Jaspreet Bhatia

jbhatia@cs.cmu.edu
4208 Wean Hall, Carnegie Mellon University

I am a fifth year Ph.D. student at the Institute for Software Research at Carnegie Mellon University. I am fortunate to be advised by Dr. Travis Breaux.

As a software engineering and privacy researcher, I aim to improve the design of trustworthy systems for privacy and the trust that users and regulators have in privacy-preserving systems.

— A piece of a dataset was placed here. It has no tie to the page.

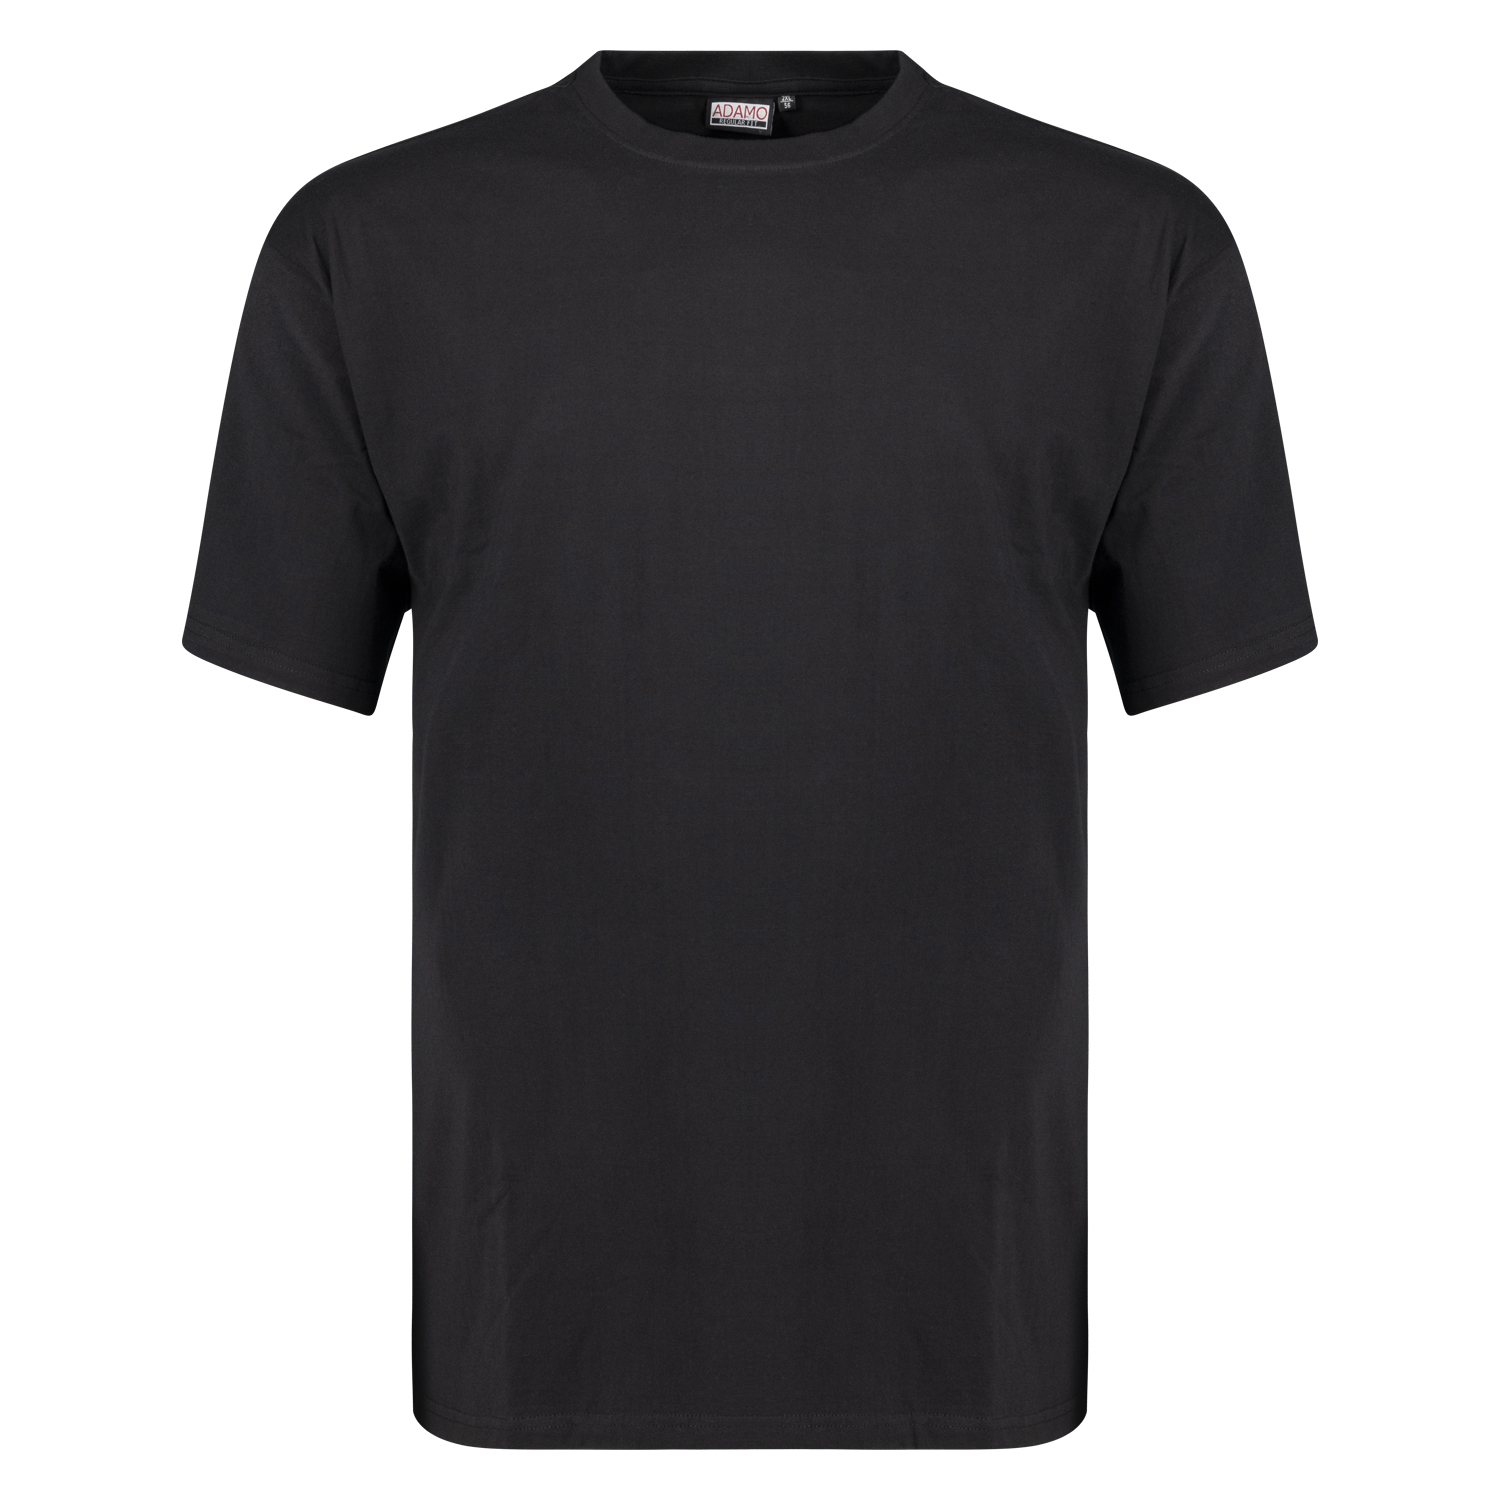 T-shirt Regular Fit noir série Bud by ADAMO jusqu'à la grande taille 12XL - Heavy Jersey

My research is motivated by the need to develop scalable systems to analyze privacy requirements for defects and to measure perceived privacy risk. My current research has three main themes: (a) developing techniques to automatically analyze privacy requirements (b) identifying and measuring ambiguity in privacy requirements, and (c) measuring how different factors affect privacy risk. I believe my research, in addition to developing solutions to real-world problems, aims to answer fundamental questions in natural language and human perception: how does ambiguity occur in natural language text? what are the semantic functions that predict ambiguity? and how can we measure user perceptions of risk?

News

7 Nov 2018 I am presenting our privacy risk work at NIST Cybersecurity Risk Management Conference 2018.
10 Aug 2018 I completed my summer internship at Target Data Science group.
1 Aug 2018 Our paper on empirical measurement of perceived privacy risk has been accepted to ACM Transactions of Computer-Human Interaction (TOCHI).
30 May 2018 Our paper on grounded analysis of semantic roles in privacy goals has been accepted to RE 2018 and has won a Distinguished Research Paper Award .
28 Feb 2018 I presented our privacy risk work at PrivacyCon 2018.
9 Nov 2017 I presented (and passed!) my thesis proposal titled Ambiguity in Privacy Policies and Perceived Privacy Risk on 9th November 2017 at Carnegie Mellon University.
6 Sep 2017 I presented our paper describing a case study of data purposes in privacy policies at RE 2017.
May 2017 Our papers on automated hypernymy extraction and on the case study on data purposes have been accepted to RE 2017.
Mar 2017 I am on the program committee for AIRE 2017 workshop. Please consider submitting a paper! .
Feb 2017 Our work on developing a framework for understanding and measuring privacy risk has been accepted for discussion at Privacy Law Scholars Conference 2017.
Dec 2016 Our TOSEM paper on extracting privacy goals using hybridized task re-composition framework has been invited for presentation at ICSE 2017.
16 Nov 2016 Our paper on ambiguity in privacy policies and its impact on regulations received an Honorable Mention for Privacy Papers for Policymakers (Press Release).
18 Oct 2016 Presented our work on perceived privacy risk at the C3E workshop at Georgia Institute of Technology, Atlanta.
16 Sep 2016 Our paper on vagueness and risk perception was nominated for best paper award at RE'16 in Beijing.
15 Sep 2016 I will be presenting our paper on vagueness and risk perception at RE 2016, in Beijing (China) on 15 September 2016.
Summer 2016 Mentored an (awesome!) undergraduate REU student, Morgan Evans. Developed a technique to automatically identify and extract information type hyponymy relationships in privacy policies.
21 Mar 2016 Our paper on extracting privacy goals using hybridized task re-composition framework has been accepted for publication to TOSEM journal first edition.
16 Oct 2015 Joel Reidenberg and I, presented our work on comparing privacy policy ambiguity and its impact on regulation at the Contracting over Privacy Workshop, at University of Chicago.
Aug 2015 Presented our paper on automatically extracting information types from crowsourced privacy policy annotations at RELAW workshop held at RE 2015, in Ottawa (Canada).